Surely we can return to Hogwarts. Its doors are open to us in any memory we should choose. Potter's Pensieve is before us, viewable in almost as many ways as Every Flavor Beans, and we are invited to relive each moment as often--or not--as we wish. But we all know that it can only be said once truly. Each subsequent time does not diminish the truth it says at first, but the readings mutate. Some have quite literally grown up with the boy wizard, starting their owl-free admission to Hogwarts about his same age. Then, as they matured, they watched Harry grow, too. Others, already too old for him by the time he arrived, indulged themselves a little and let childhood--and childlike wonder--claim them on their first trip on the Hogwarts Express. Others still waited until the entirety of the puzzle could be viewed--by the end in 3D--to allow themselves the wondrous injury of Harry Potter. Despite these many entrances, one can only enter once, and no other entrance gives the same formative experience. Lily protects Harry only once, and never again can Harry consider Lilly the way that children ought to consider their mothers.
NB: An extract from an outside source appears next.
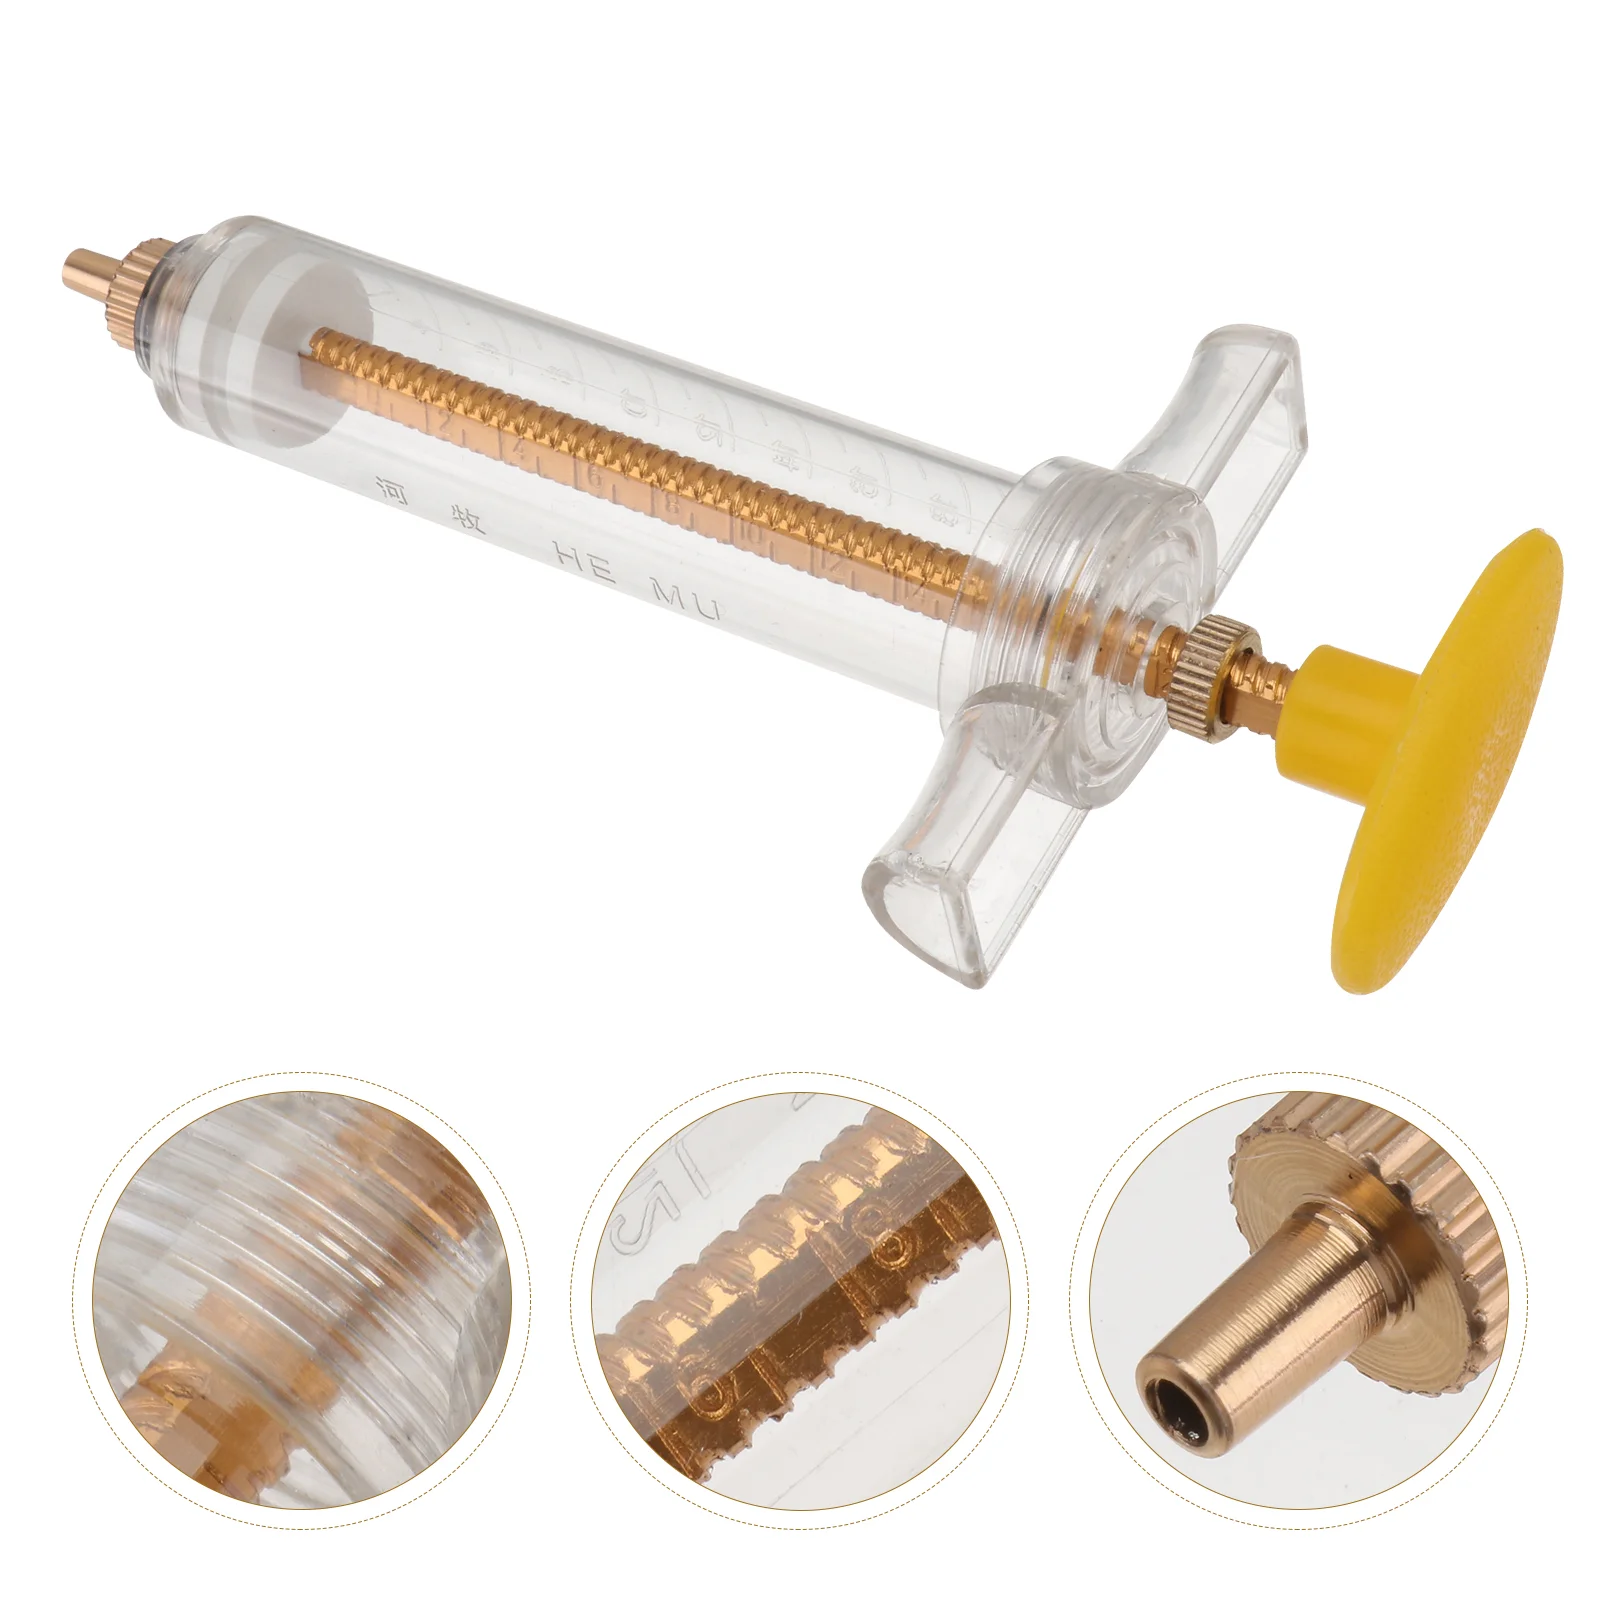 

Stick Making Maker Extruder Tool Coil Squeezing Device Squeezer Mold Diy Manual Press Kit Mould Cone Convenient Clay Tools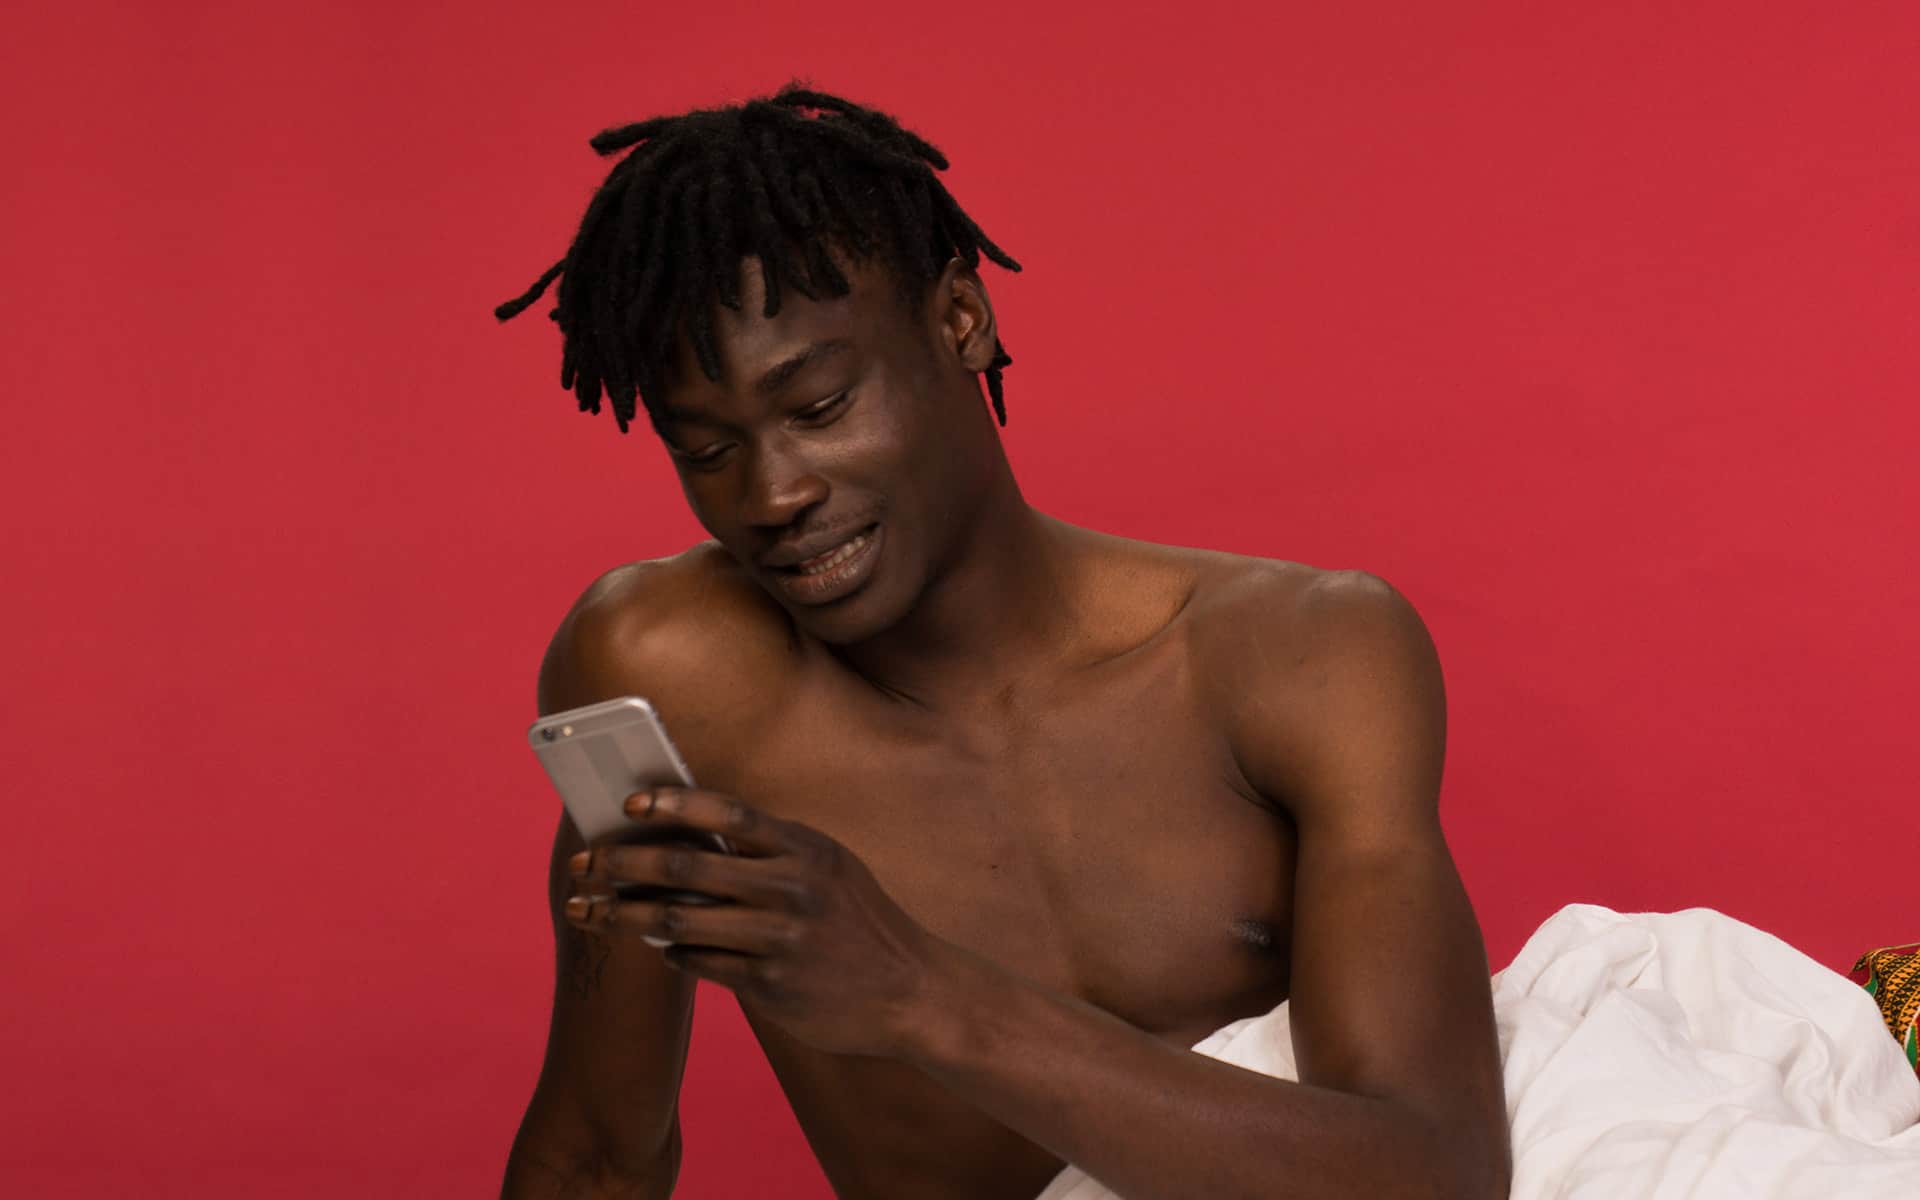 Man in bed alone, smiling at his phone

It is striking that Rowling's purpose was to write the last lines of Chapter 35, "King's Cross", and for that purpose she slaved away all of those years to get to that point.1 Harry asks, “Is this real? Or has this been happening inside my head?” Dumbledore's response is telling: “Of course it is happening inside your head, but why on earth would that mean that is not real?” This is, of course, epistemic and philosophic, but, more than that, it is the great revelation of Rowling's magic. Dumbledore, ever the consummate teacher, gives these words as a final instruction to those who, like Harry has done so often in the past, silently observed the wizarding world, unable to participate. It is because it is in our heads that the stories are real. The existence of Diagon Alley need not be Plottable--we do not have to be able to enter into Ollivander's Wand Shop, in other words, to be allowed to do magic. The magic of Harry Potter is located next to everything else that we perceive, think, feel, and dream: It is inside of us.



Imagination has always been linked to our literature. The mythologies of our past societies are built upon sheer imagination. Swift-footed Achilles did not storm the physical beaches of Troy as Homer describes him, but he and his rage have burned throughout the millennia despite the "unreality" of the characters. The Muses who sang to Homer continue their inspiration, brooding over those whose imagination give them berth (and, in a sense, birth). Macbeth is slain because his imagination over-leaps reality, executing sovereign and future alike in his lust. Hamlet's greatness is expressed by himself: "I could be bounded in a nut shell and count myself a king of infinite space, were it not that I have bad dreams" (Hamlet II.ii), where the imagination of the night circumscribes the majesty of the soul. Though Harry's place in the future is rightly disputable--for though his themes are transcendent, he himself is permanently caught in the (Hor)crux between the twentieth and the twenty-first centuries; whether or not he endures additional generations remains to be seen--yet his influence on the present is undeniable. He does create magic because he creates it in the only place that can truly matter: Inside our minds.



This brings us back to the scars we bear. The complexities and continuities (and their errors) of the series lay before us, ready for additional understandings and interpretations. Much exists about Harry, so much more than can be fully apprehended. But each who participates in this odyssey of our generation and allows the internal magic of literature to have an effect will see that the lightning-shaped cicatrice marks one not as a mindless follower of the whimsy of a children's authoress, but instead that "...There is much music, excellent voice, in this little organ; yet cannot you make it speak" (Hamlet III.ii). We cannot make Harry speak; the most we can do is listen.

Comments

Dustin said…
Thou dost almost persuade me to read the book(s). Almost.